> **Task directions**
Please output the listing that follows exactly, but keep all images out.
Top of Data provided
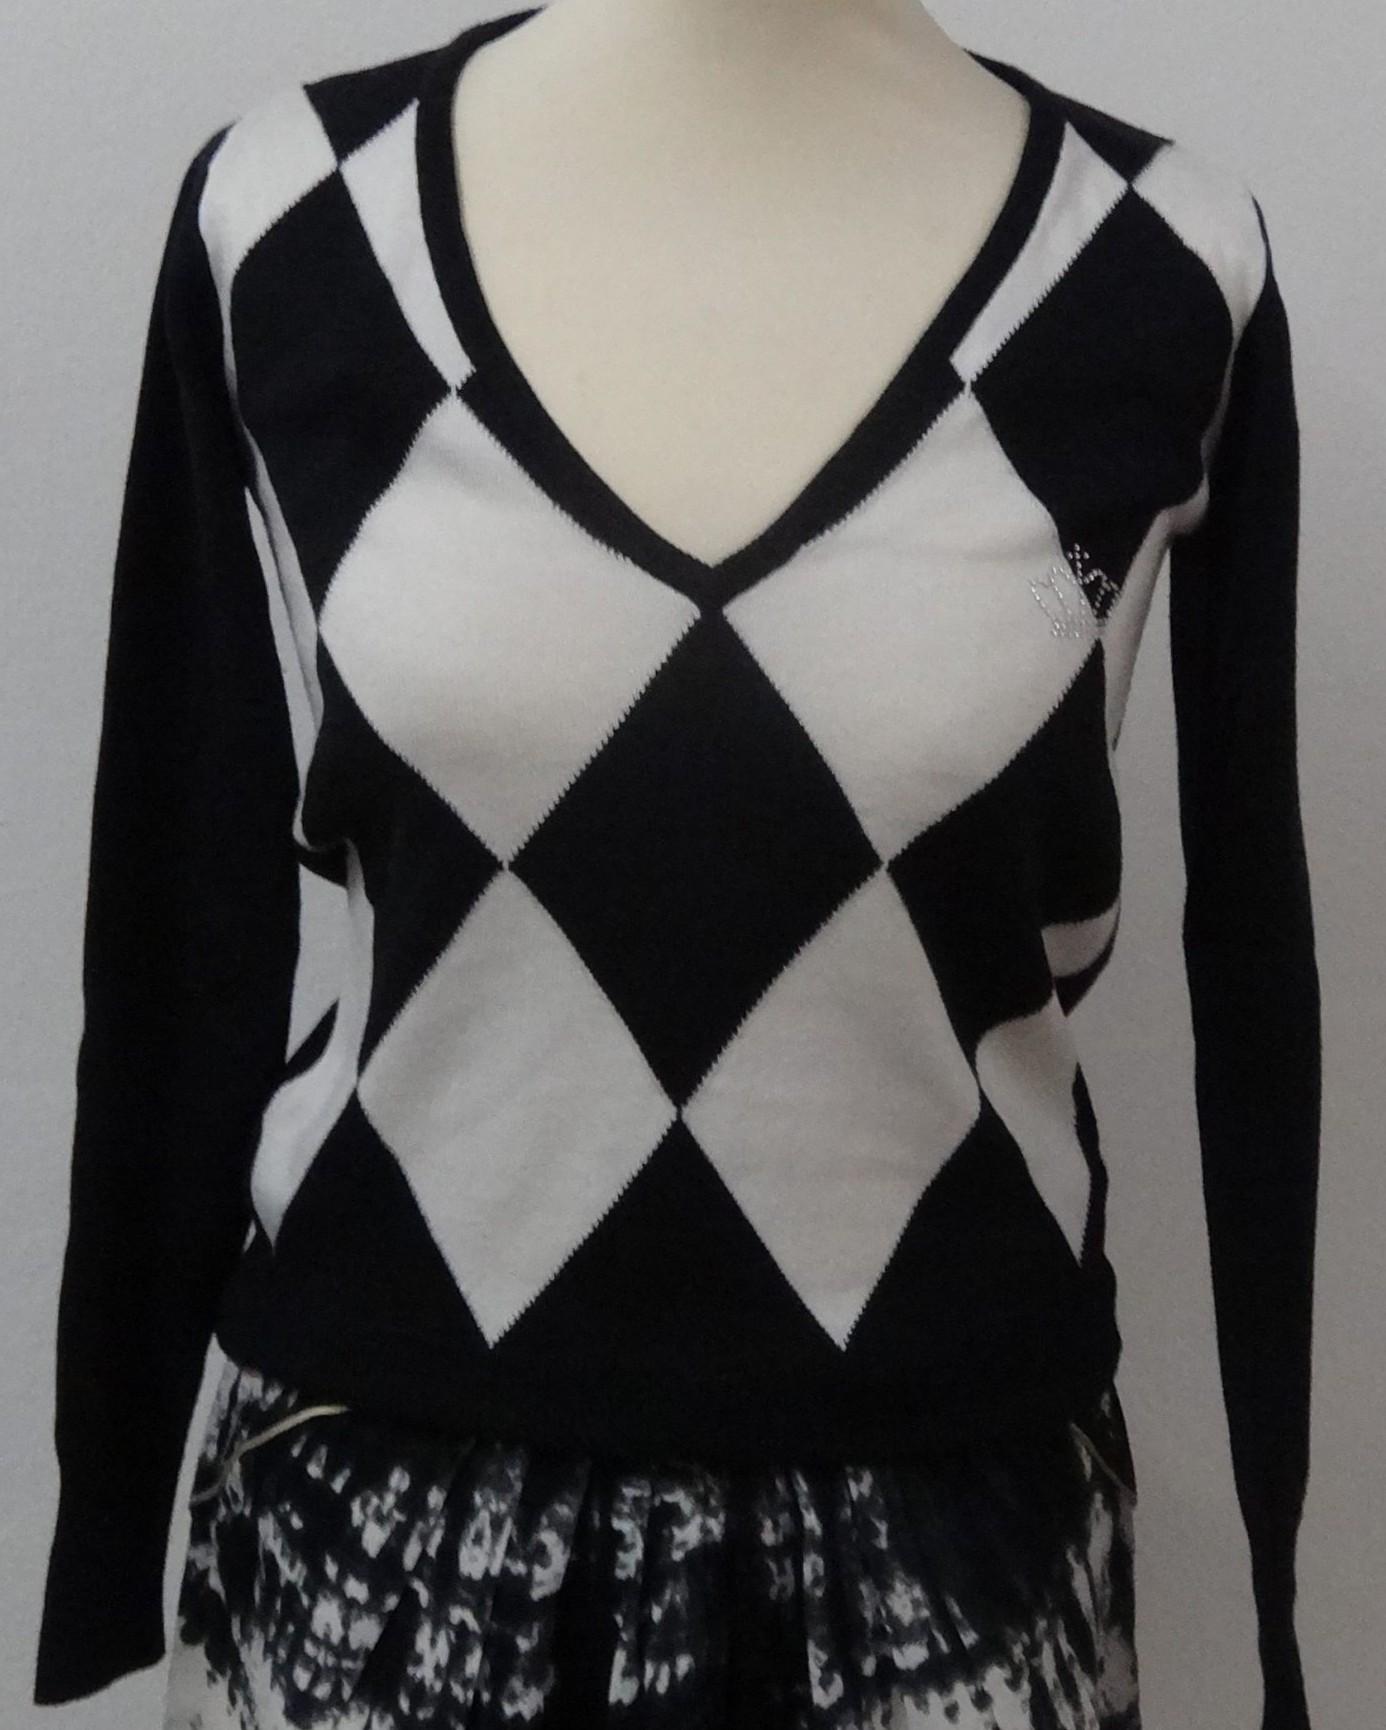 78d77f2279c Strikbluse med harlekin tern - Care & Share Vintage
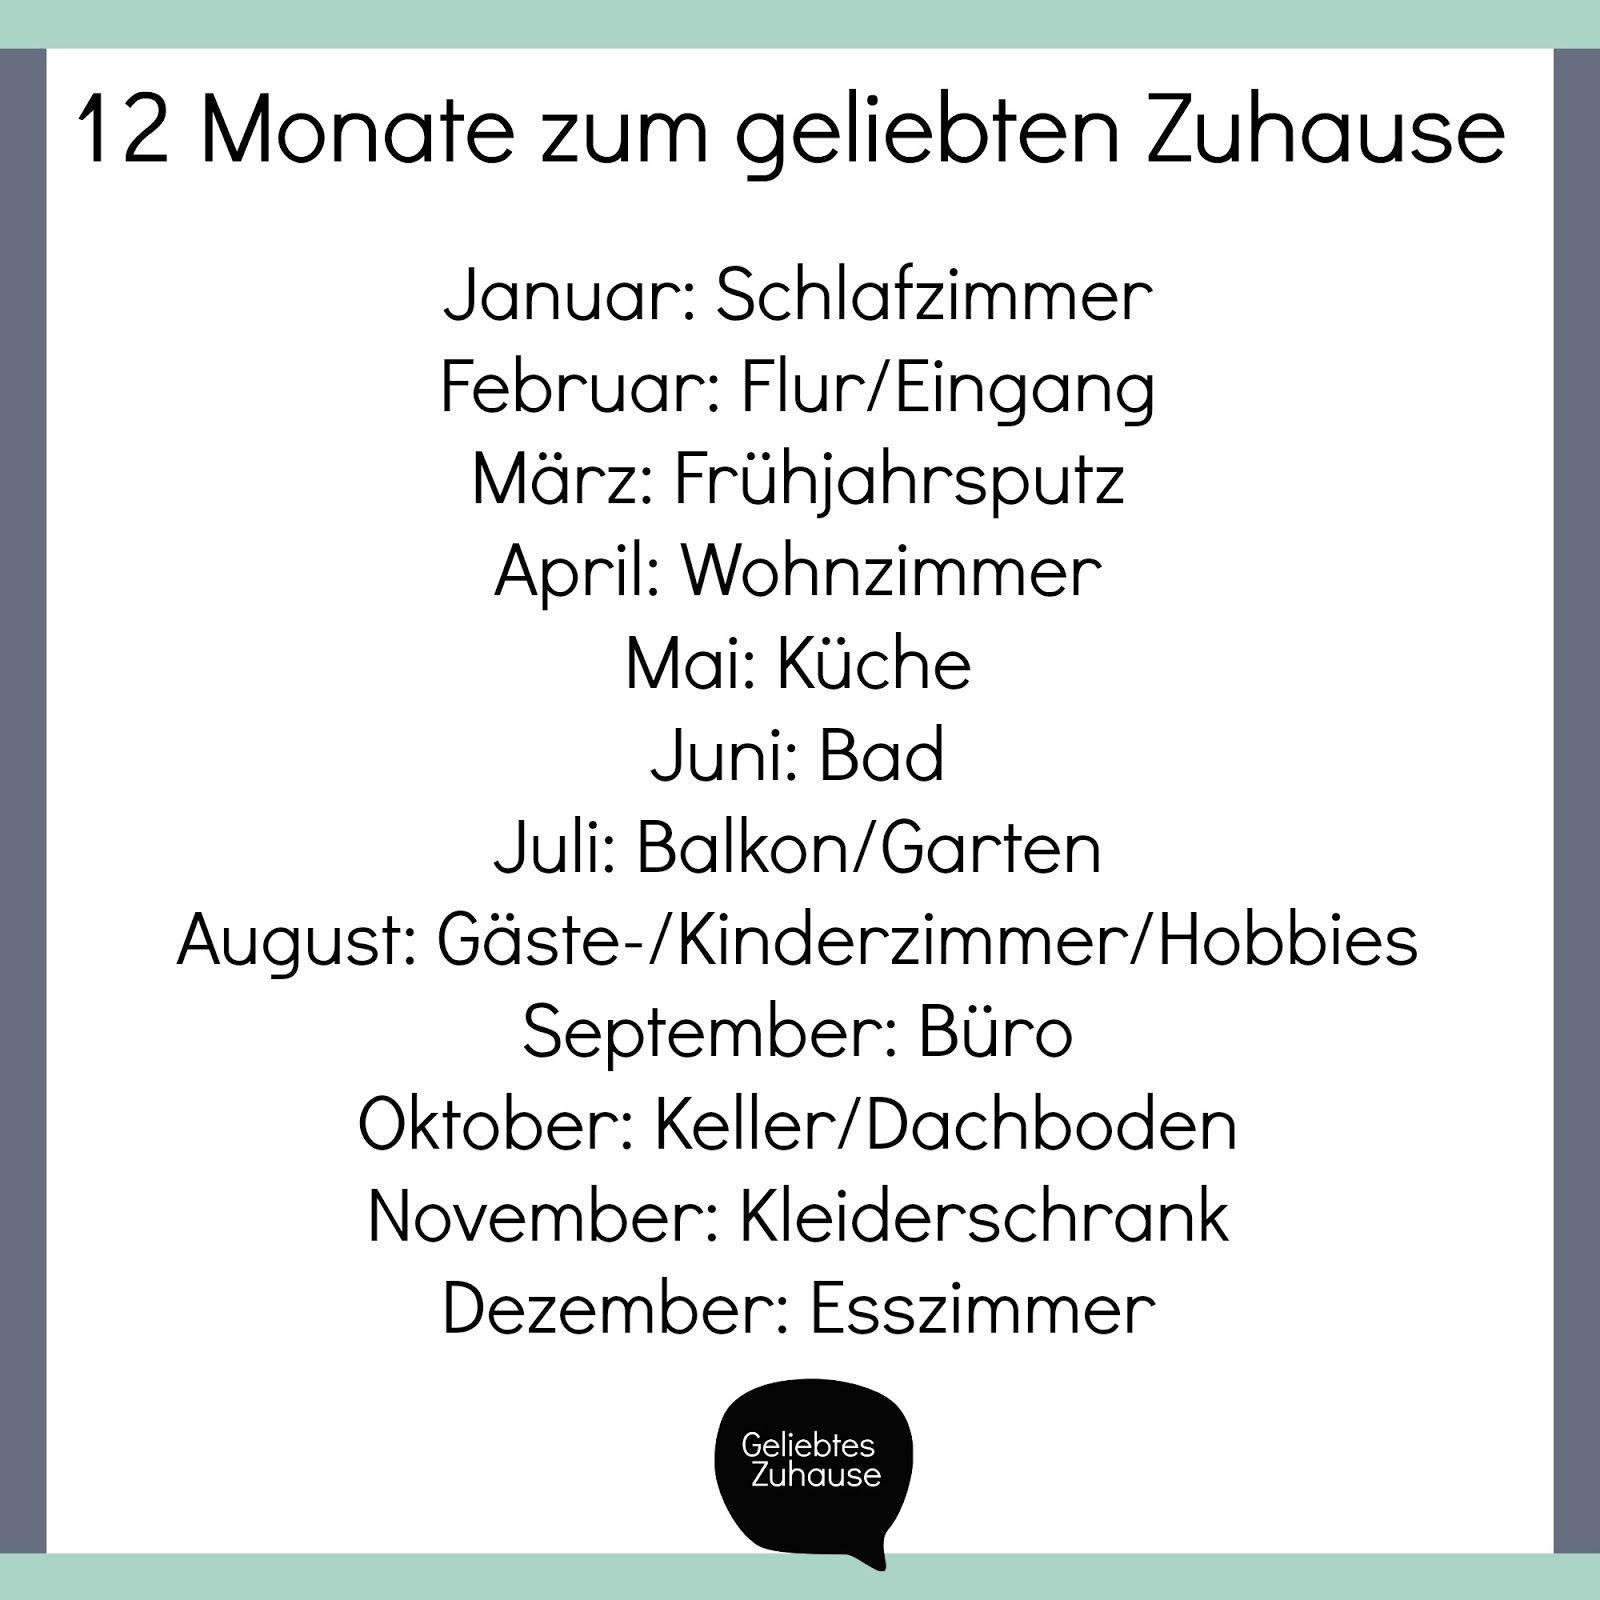 Gratis Vorlage Plan für ein geliebtes Zuhause - Der Jahresplan plus ...
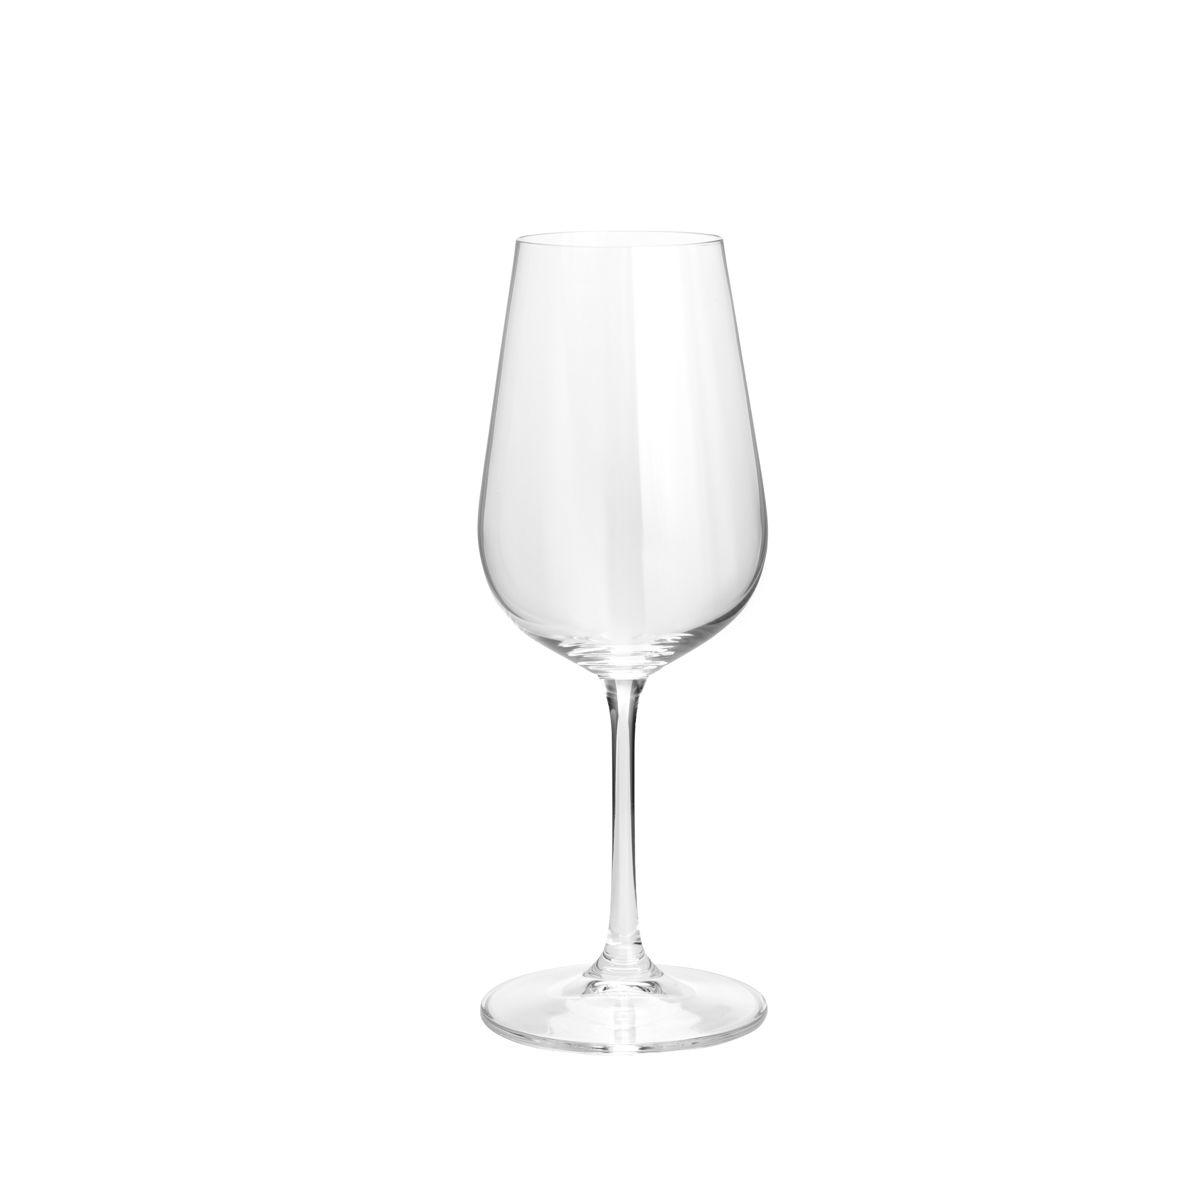 Jg 06 Taças p/ Vinho Branco Strix 360ml de Cristal Bohemia
Bottom of Data provided
> **Response for this exercise**
 78d77f2279c Strikbluse med harlekin tern - Care & Share Vintage
 Gratis Vorlage Plan für ein geliebtes Zuhause - Der Jahresplan plus ...
 Jg 06 Taças p/ Vinho Branco Strix 360ml de Cristal Bohemia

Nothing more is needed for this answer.